====== RECORDS TO USE
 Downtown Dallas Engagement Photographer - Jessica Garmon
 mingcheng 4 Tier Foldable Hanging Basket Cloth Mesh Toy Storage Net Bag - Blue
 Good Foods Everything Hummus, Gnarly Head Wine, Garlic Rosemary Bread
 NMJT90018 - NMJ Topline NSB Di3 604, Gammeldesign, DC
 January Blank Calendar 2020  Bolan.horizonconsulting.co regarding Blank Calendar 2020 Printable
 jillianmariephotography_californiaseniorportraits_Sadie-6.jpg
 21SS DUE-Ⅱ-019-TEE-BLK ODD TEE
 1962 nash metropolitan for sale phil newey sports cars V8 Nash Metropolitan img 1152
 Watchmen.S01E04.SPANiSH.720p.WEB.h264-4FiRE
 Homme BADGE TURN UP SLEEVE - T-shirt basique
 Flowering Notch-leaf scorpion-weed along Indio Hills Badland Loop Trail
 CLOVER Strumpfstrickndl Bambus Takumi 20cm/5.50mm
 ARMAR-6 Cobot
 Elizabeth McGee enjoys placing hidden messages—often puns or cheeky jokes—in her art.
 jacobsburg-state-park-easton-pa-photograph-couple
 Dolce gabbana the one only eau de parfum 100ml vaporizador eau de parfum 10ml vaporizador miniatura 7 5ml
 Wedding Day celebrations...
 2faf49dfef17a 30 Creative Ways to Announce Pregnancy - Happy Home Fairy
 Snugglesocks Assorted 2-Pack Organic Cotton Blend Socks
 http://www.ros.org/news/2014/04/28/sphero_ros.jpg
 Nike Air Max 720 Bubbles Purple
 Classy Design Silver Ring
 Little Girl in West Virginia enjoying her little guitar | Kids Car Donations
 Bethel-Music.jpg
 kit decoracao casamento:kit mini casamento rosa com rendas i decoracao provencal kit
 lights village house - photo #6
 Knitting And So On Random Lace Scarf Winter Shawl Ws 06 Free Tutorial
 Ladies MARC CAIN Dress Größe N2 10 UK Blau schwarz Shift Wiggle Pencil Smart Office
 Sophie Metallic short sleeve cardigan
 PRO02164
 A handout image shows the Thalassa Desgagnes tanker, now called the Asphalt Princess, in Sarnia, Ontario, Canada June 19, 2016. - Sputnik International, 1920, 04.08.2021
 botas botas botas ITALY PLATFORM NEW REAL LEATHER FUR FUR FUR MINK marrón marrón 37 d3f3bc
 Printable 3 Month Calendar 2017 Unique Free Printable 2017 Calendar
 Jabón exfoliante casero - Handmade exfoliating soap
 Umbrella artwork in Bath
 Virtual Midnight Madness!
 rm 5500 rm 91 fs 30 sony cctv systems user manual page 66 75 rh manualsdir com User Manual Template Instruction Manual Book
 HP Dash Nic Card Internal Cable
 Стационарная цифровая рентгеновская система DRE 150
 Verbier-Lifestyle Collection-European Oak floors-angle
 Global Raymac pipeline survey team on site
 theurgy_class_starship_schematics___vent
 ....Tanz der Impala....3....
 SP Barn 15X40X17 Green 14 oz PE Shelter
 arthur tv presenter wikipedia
============
_WHAT YOU ARE ASKED TO DO_
Work out how many lines in the preceding data include the word "Printable". State only that number.

_OUTPUT OF THE TASK_
2